• Directions for this task
Exact copies of the lines below are the goal; any images in them are dropped.

• Supplied data
****
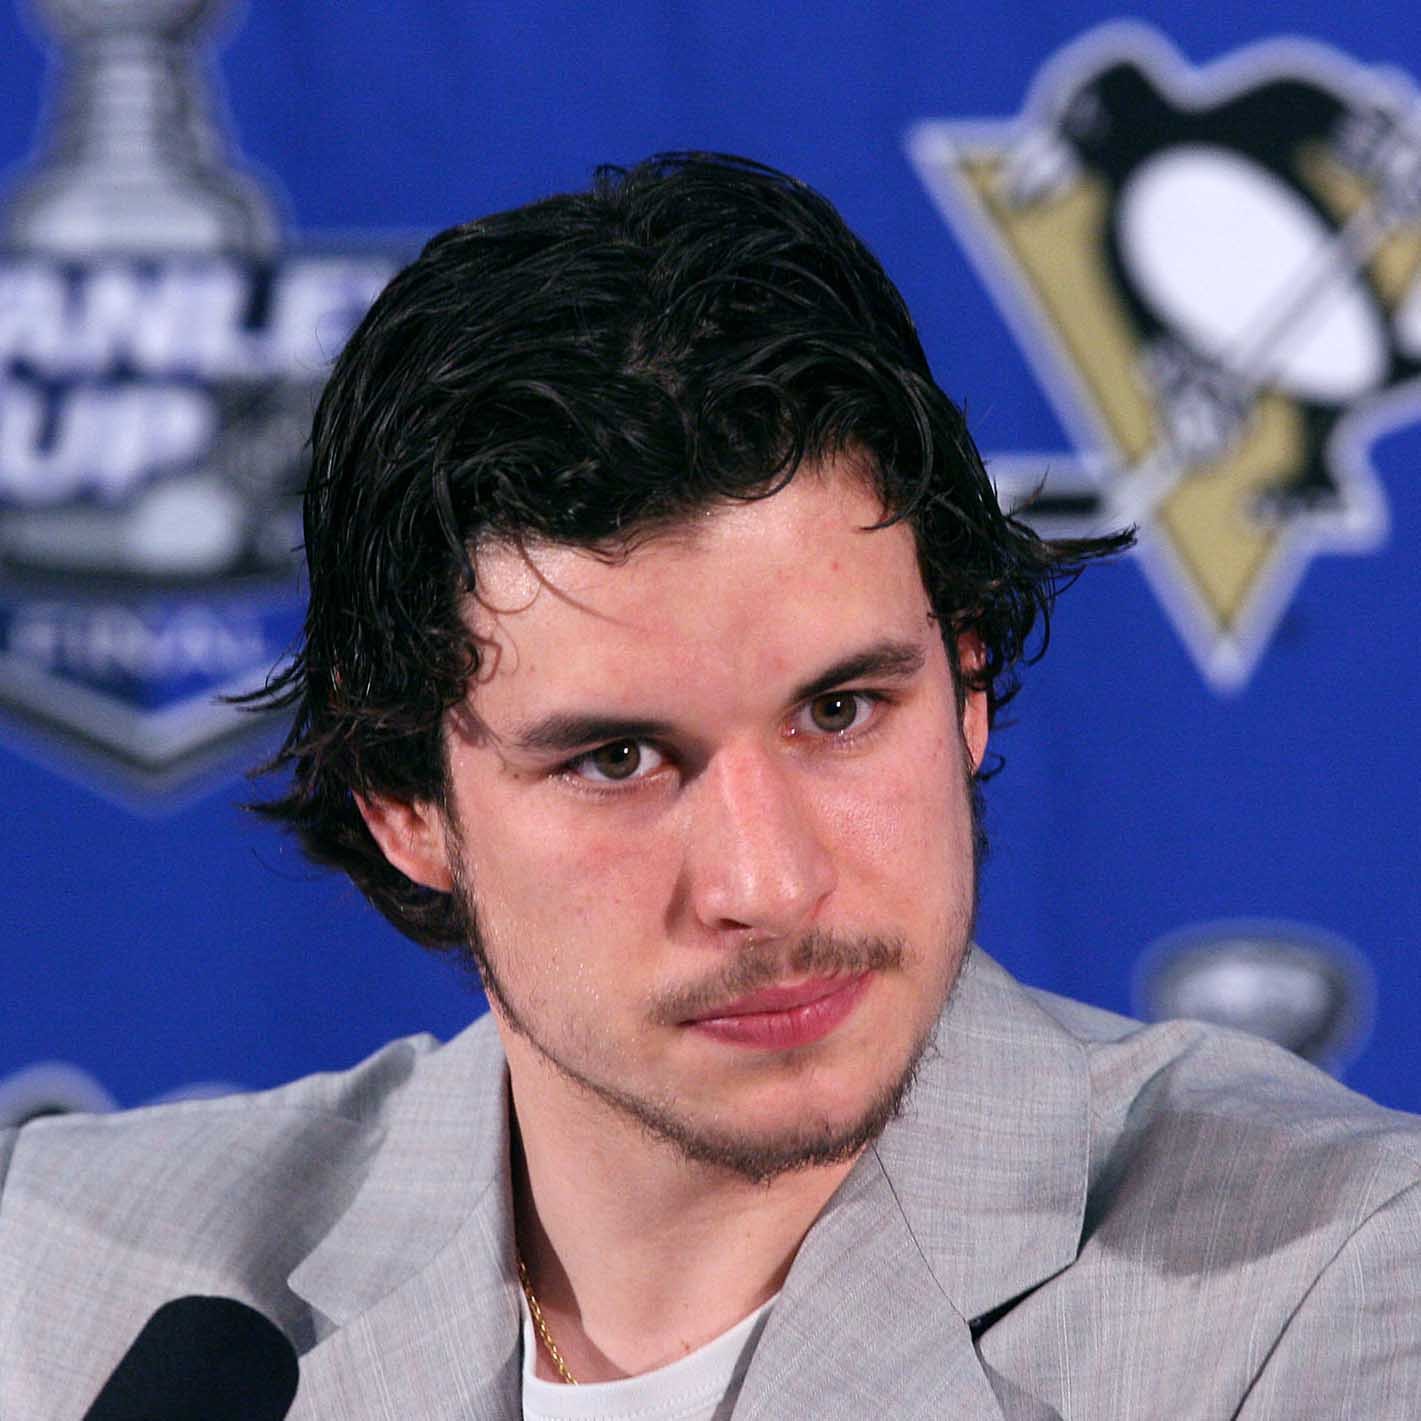 pictures-of-phillip-crosby - pictures-of-phillip-crosby
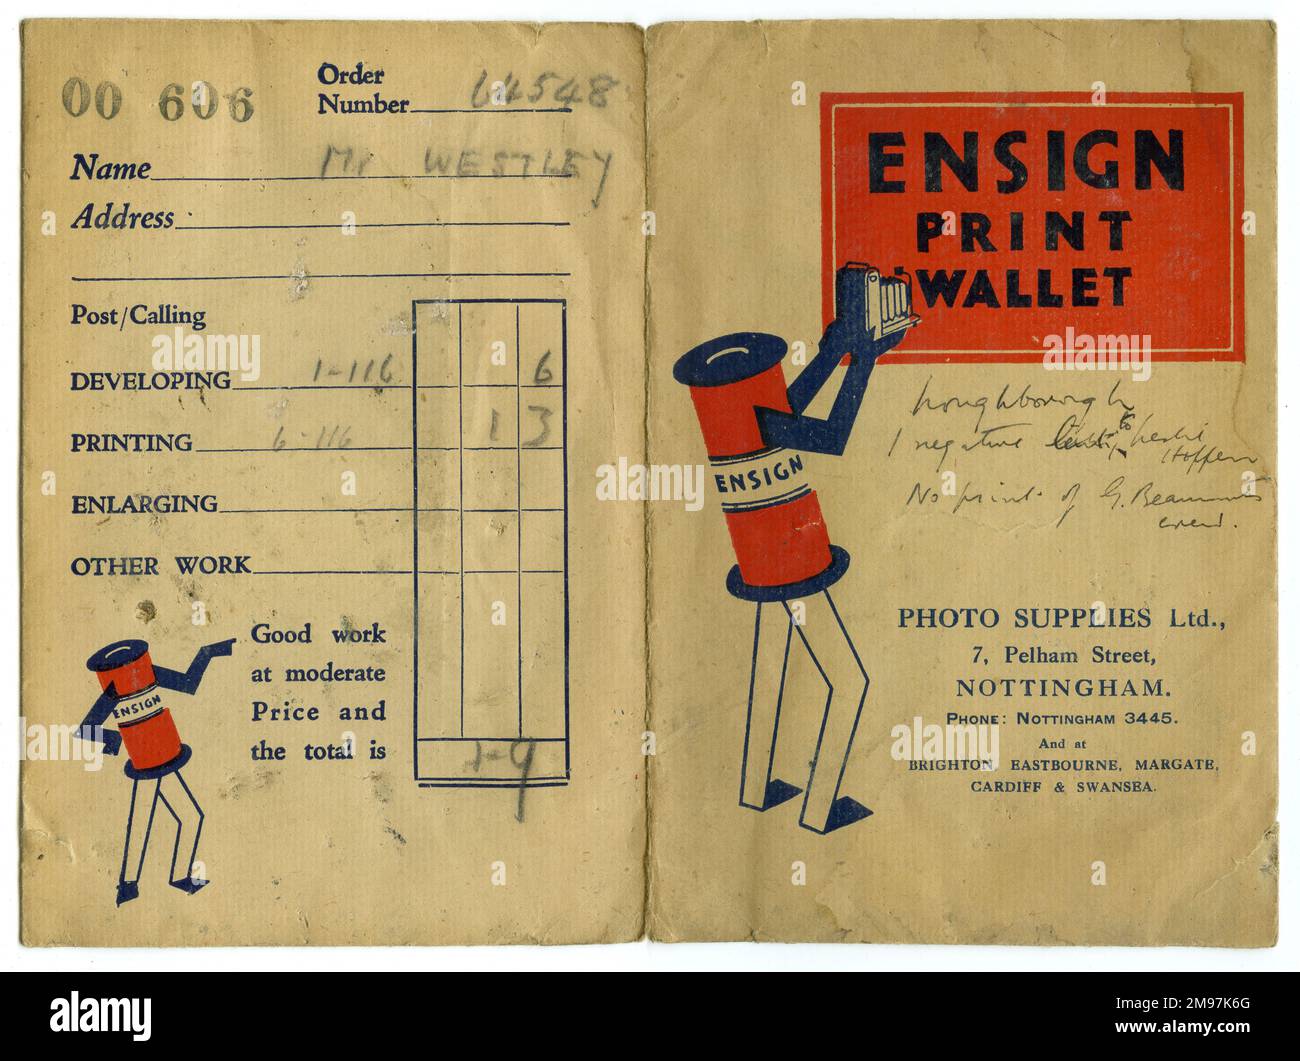 Photographic film wallet advertising Ensign Film, with the developer's name and address: Photo Supplies Ltd, Pelham Street, Nottingham. The customer's name is Mr Westley, and the cost of developing is one shilling and ninepence. Stock Photo
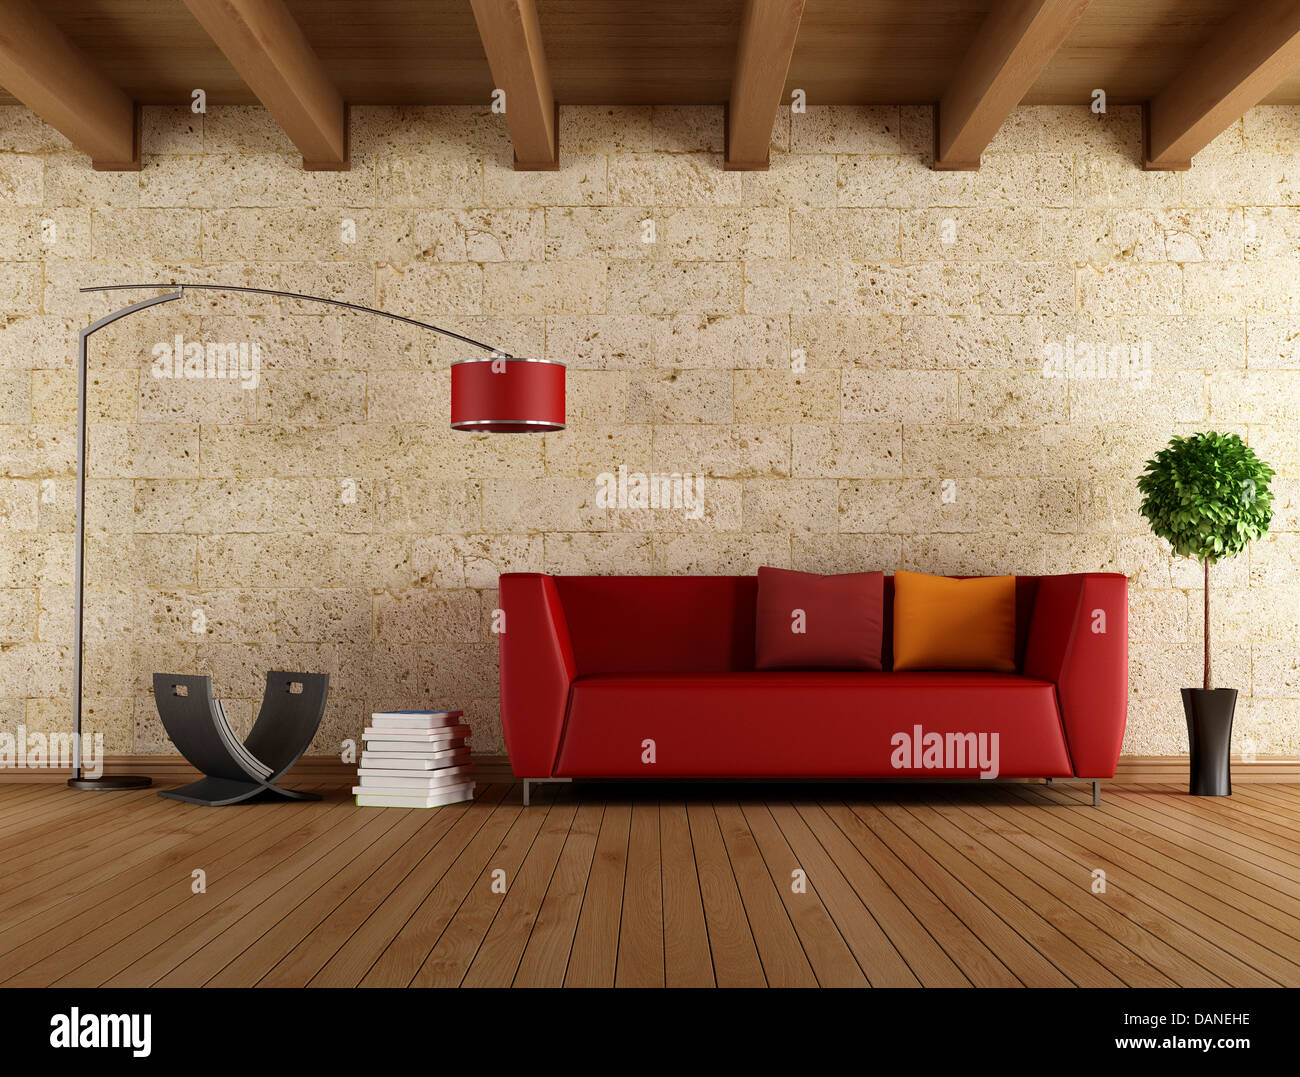 Modern Red Sofa In A Old Room Rendering Stock Photo 58250122
****
• Your solution
 pictures-of-phillip-crosby - pictures-of-phillip-crosby
 Photographic film wallet advertising Ensign Film, with the developer's name and address: Photo Supplies Ltd, Pelham Street, Nottingham. The customer's name is Mr Westley, and the cost of developing is one shilling and ninepence. Stock Photo
 Modern Red Sofa In A Old Room Rendering Stock Photo 58250122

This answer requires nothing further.